"""

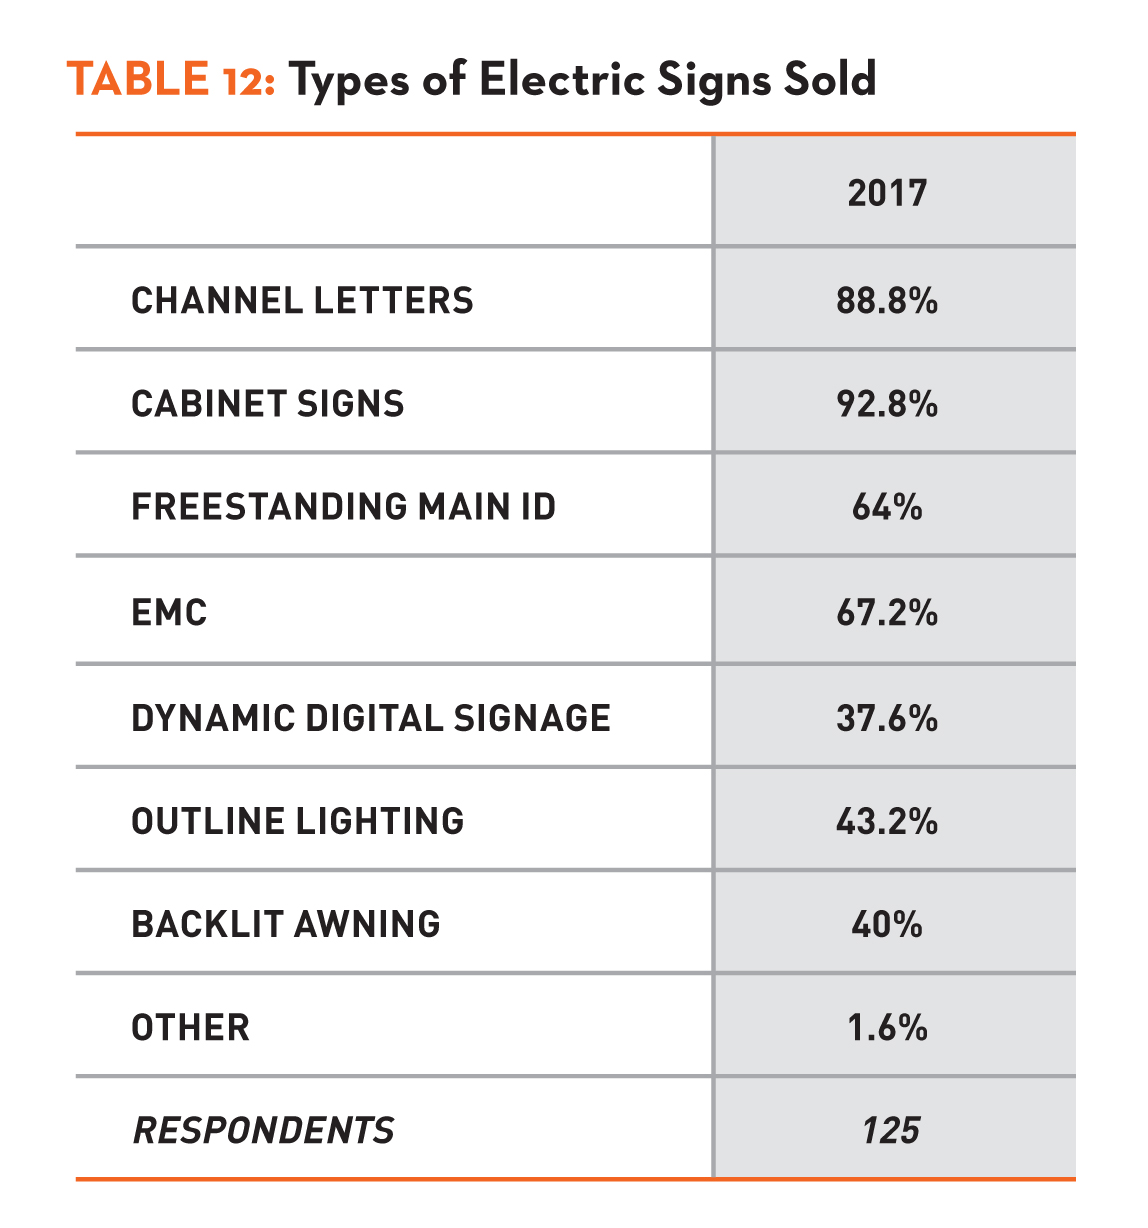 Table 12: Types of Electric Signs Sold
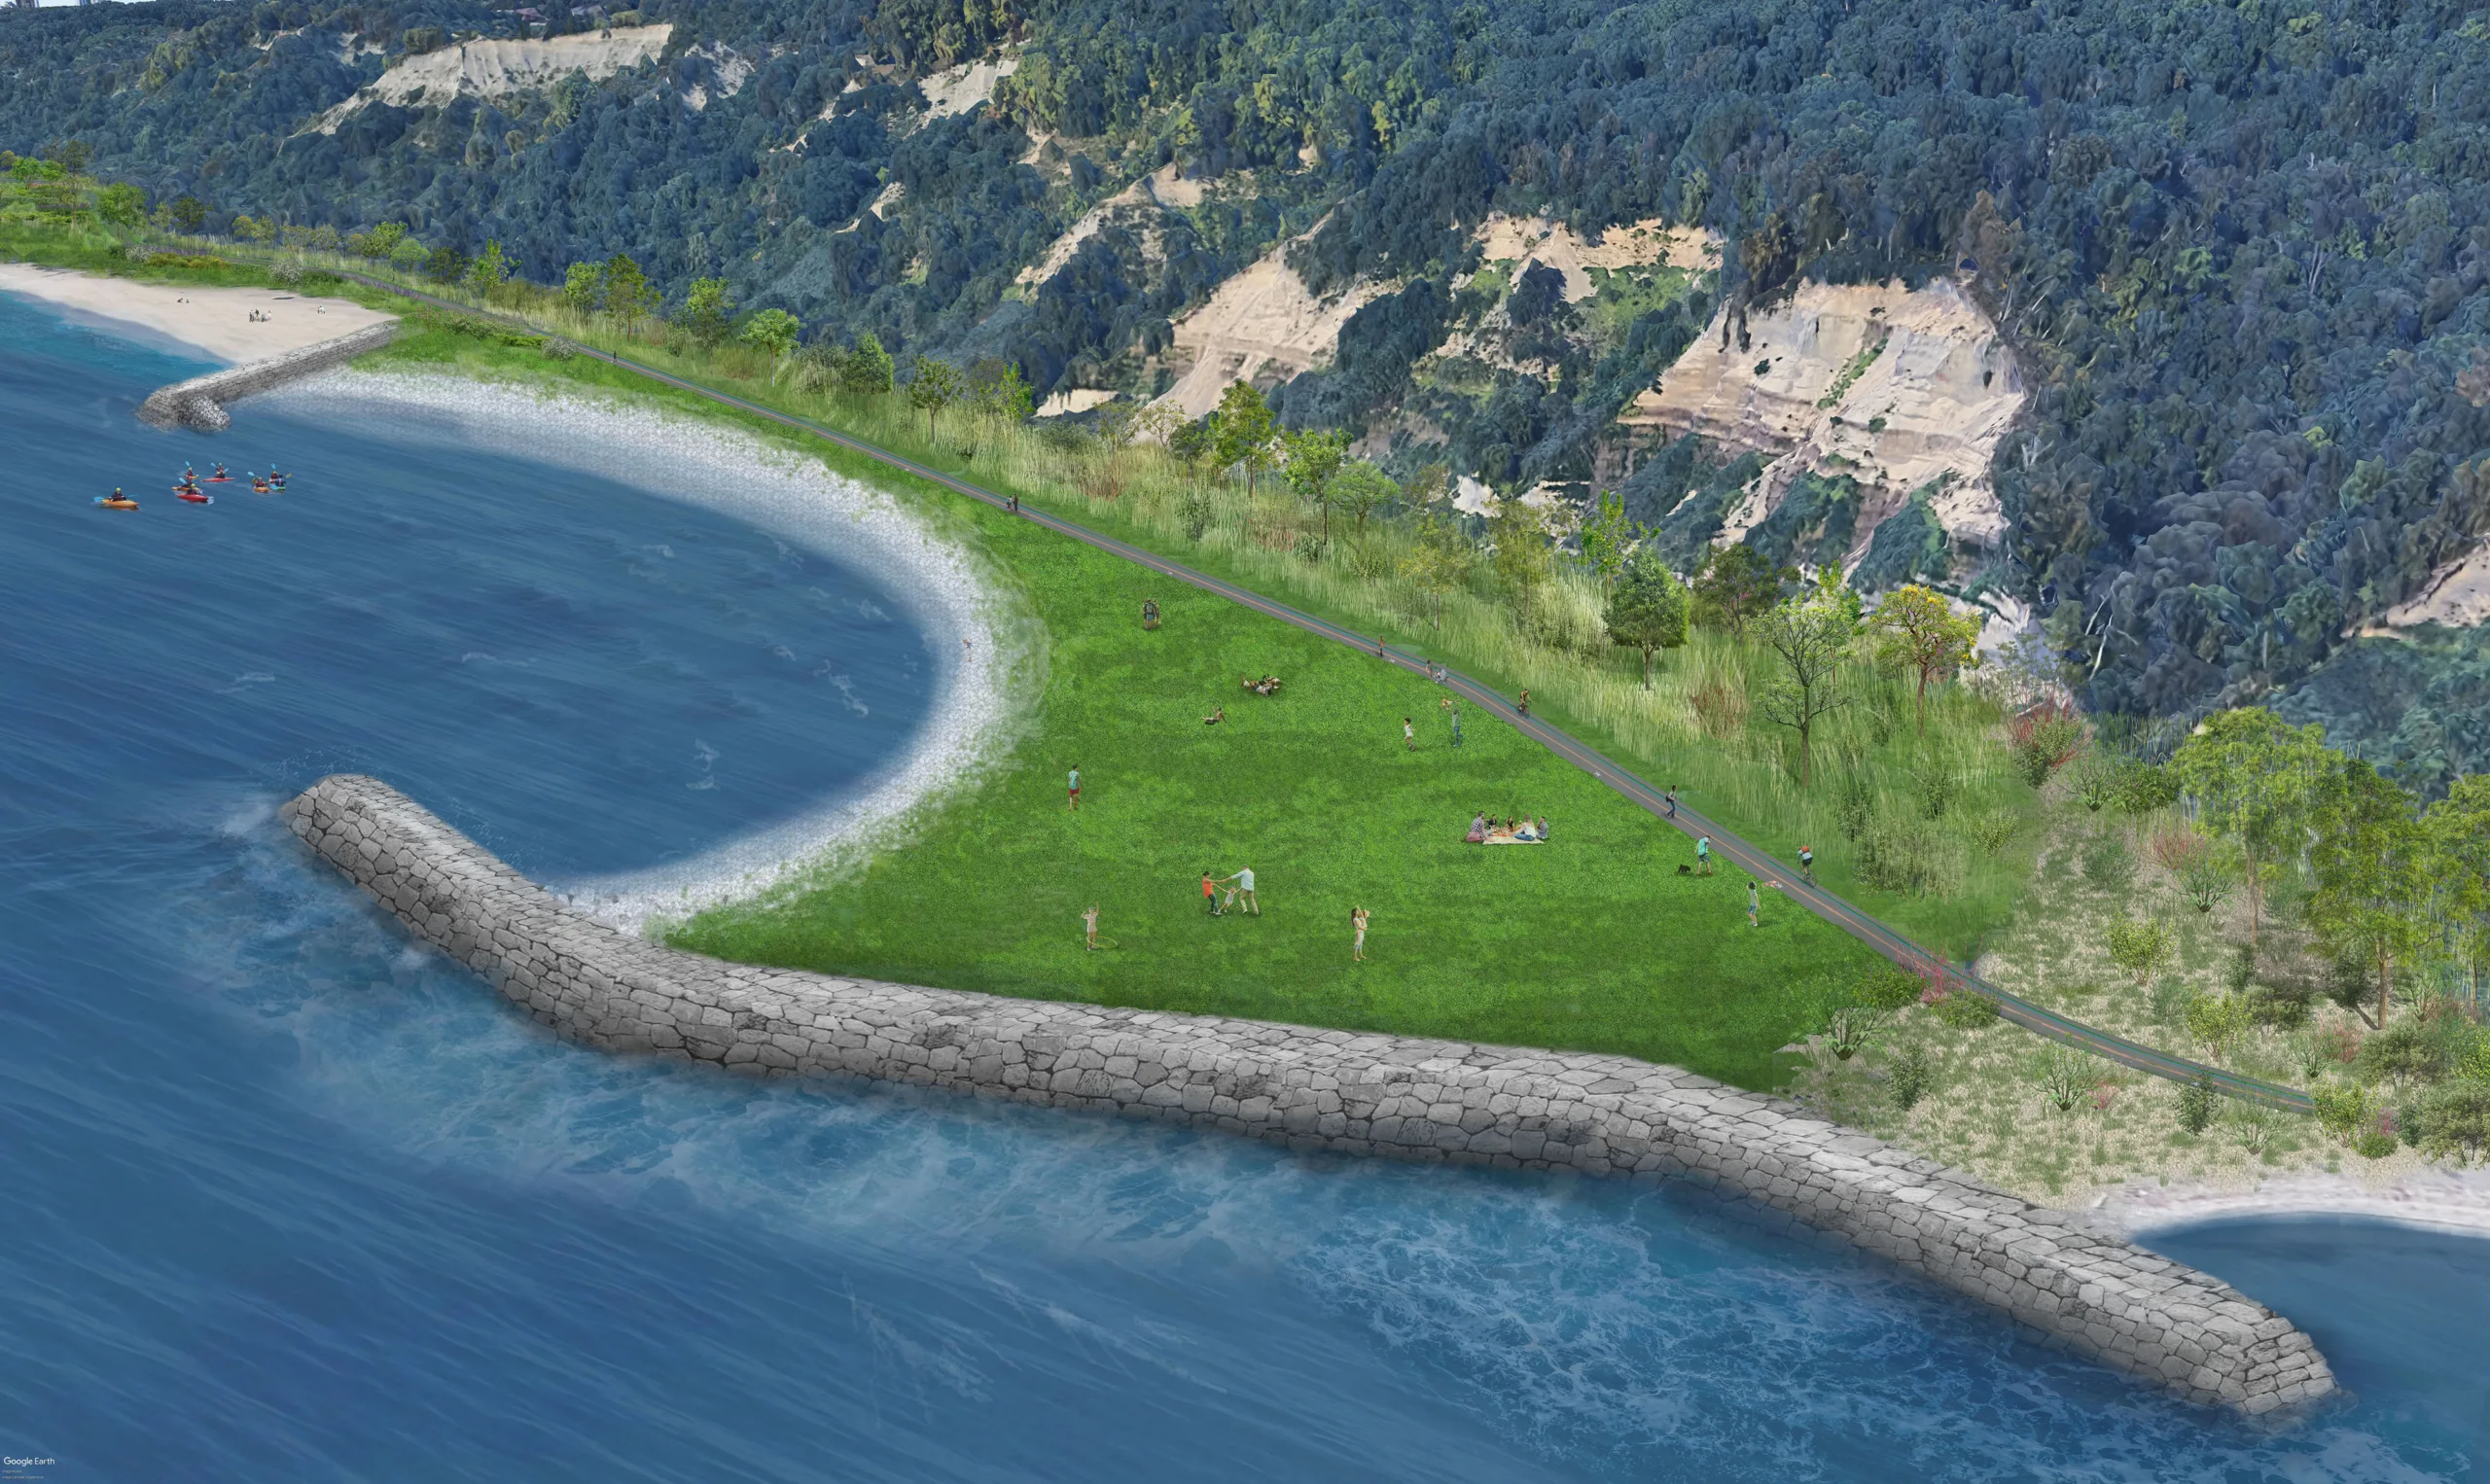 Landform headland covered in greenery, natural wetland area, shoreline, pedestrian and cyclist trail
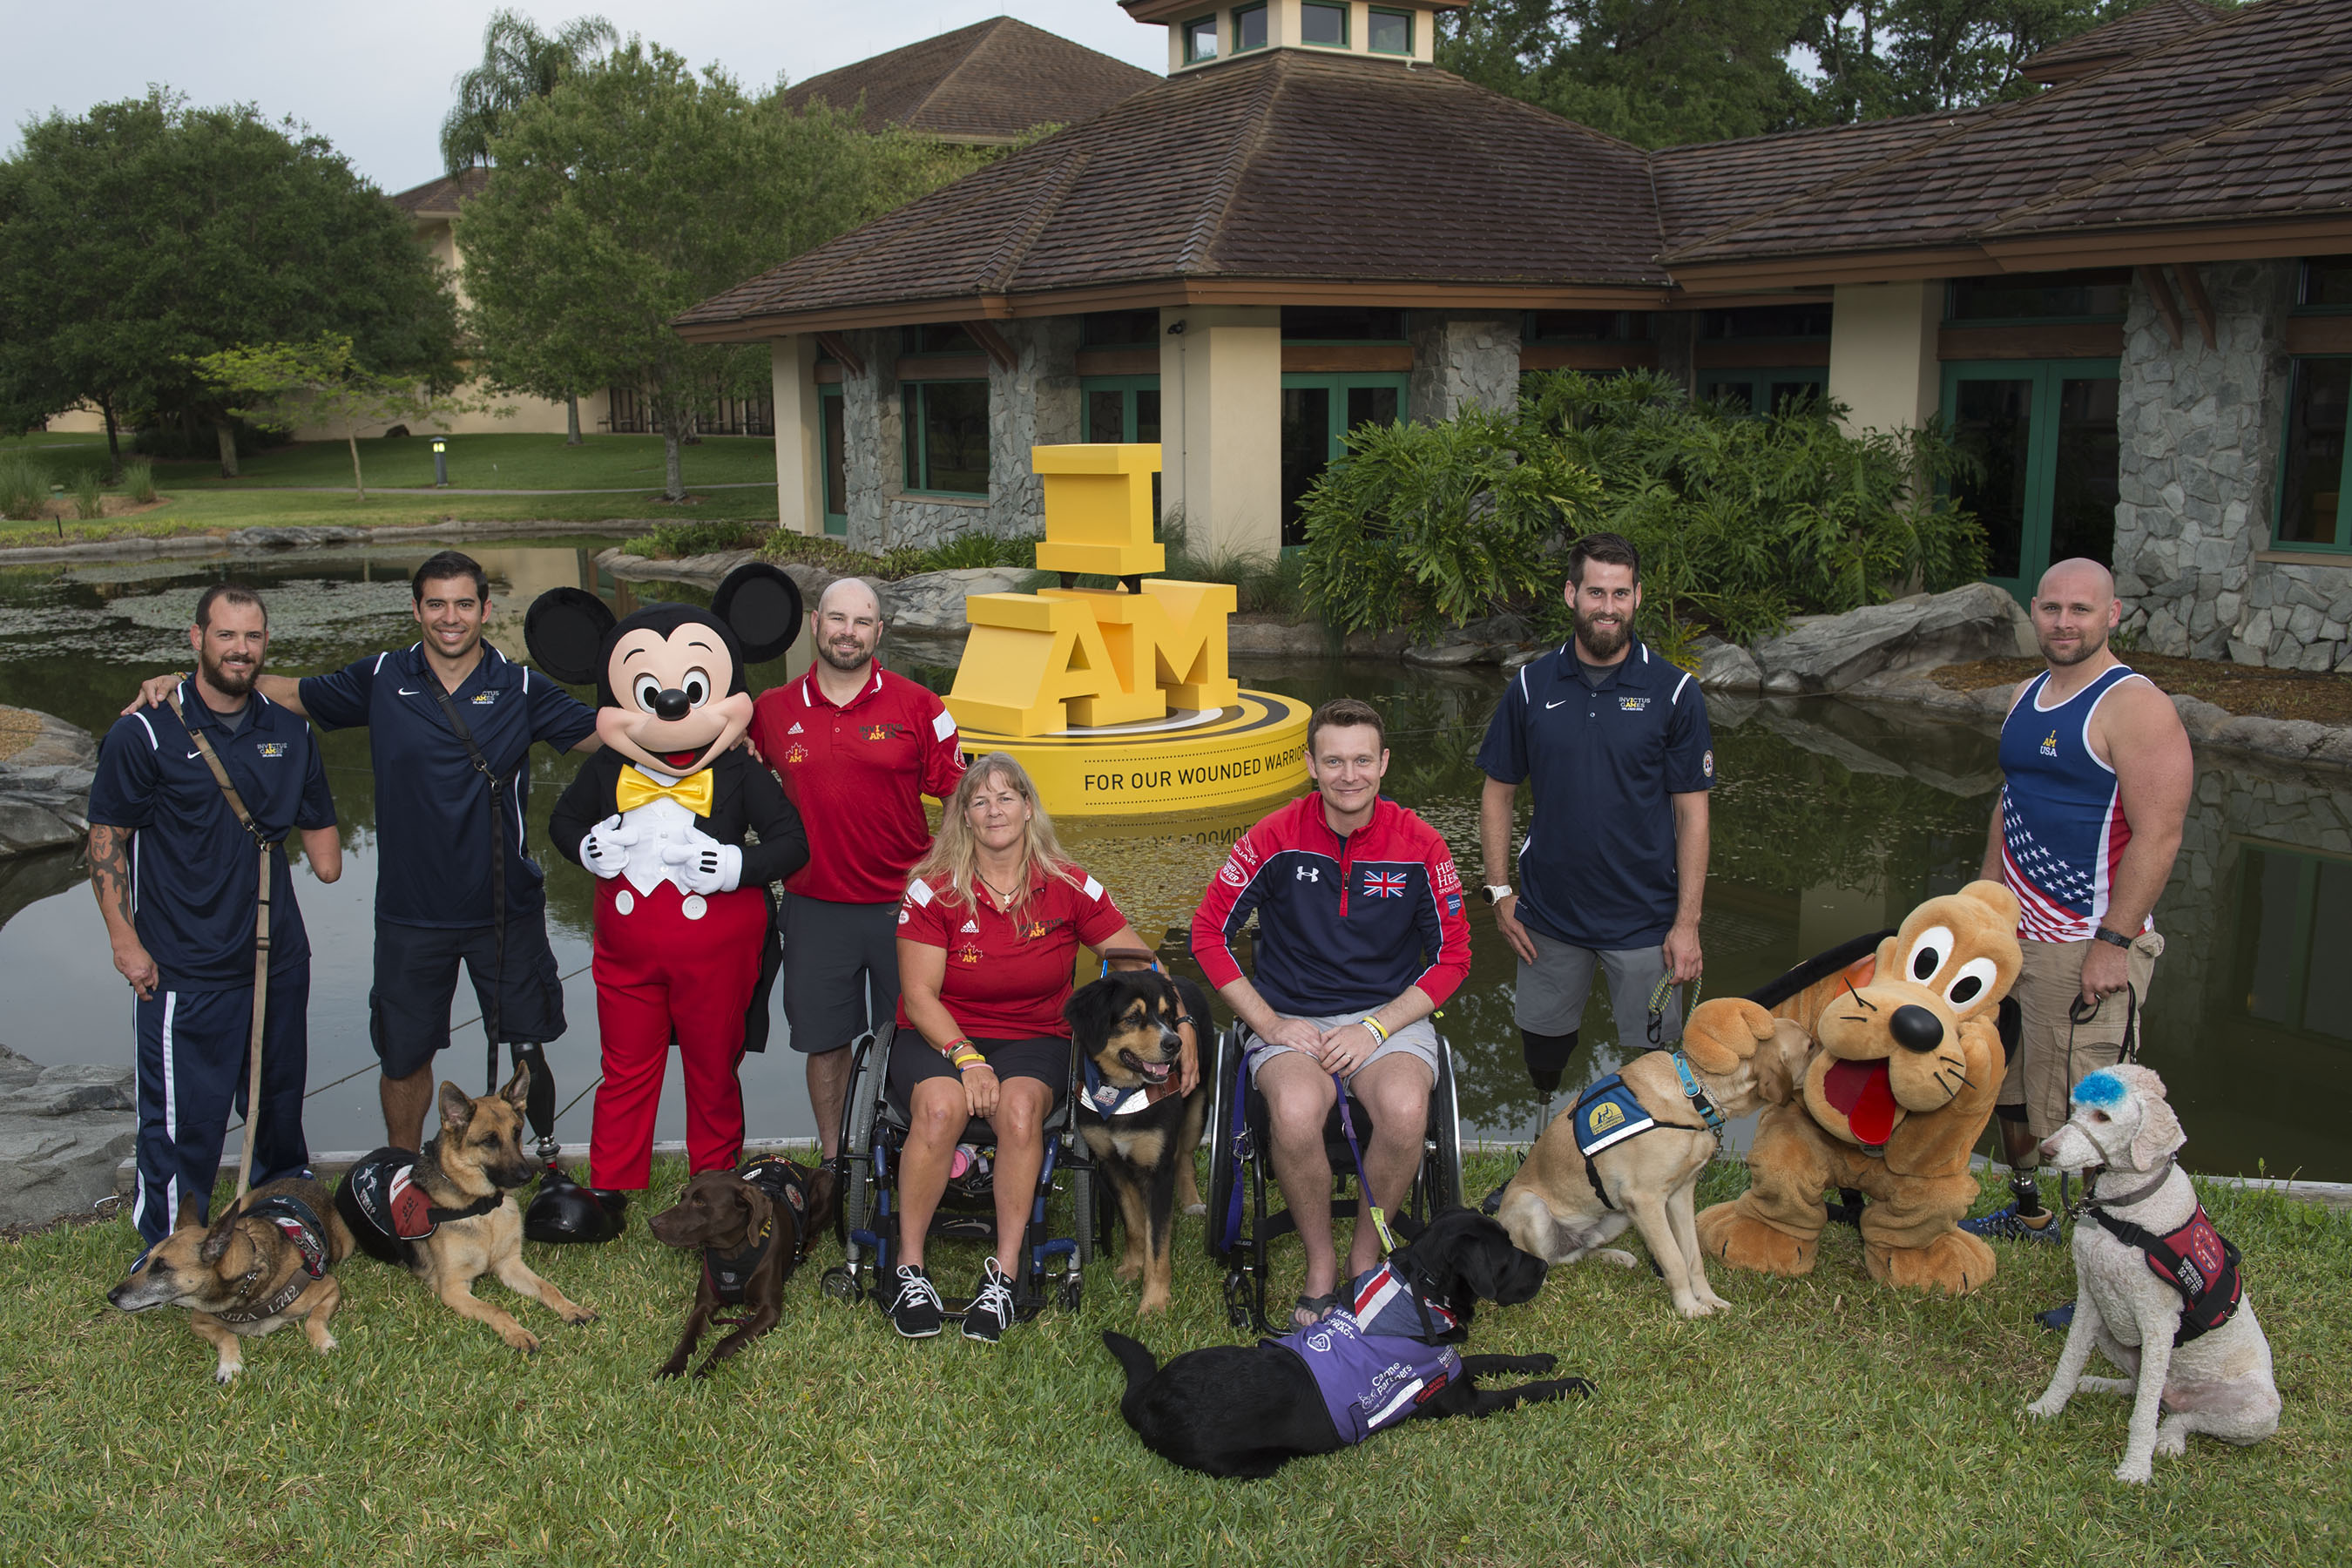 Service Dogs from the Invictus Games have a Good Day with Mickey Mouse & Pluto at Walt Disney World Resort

"""

What is required:
Once the pictures have been removed, reproduce each line of the material above exactly.

Solution for this problem:
 Table 12: Types of Electric Signs Sold
 Landform headland covered in greenery, natural wetland area, shoreline, pedestrian and cyclist trail
 Service Dogs from the Invictus Games have a Good Day with Mickey Mouse & Pluto at Walt Disney World Resort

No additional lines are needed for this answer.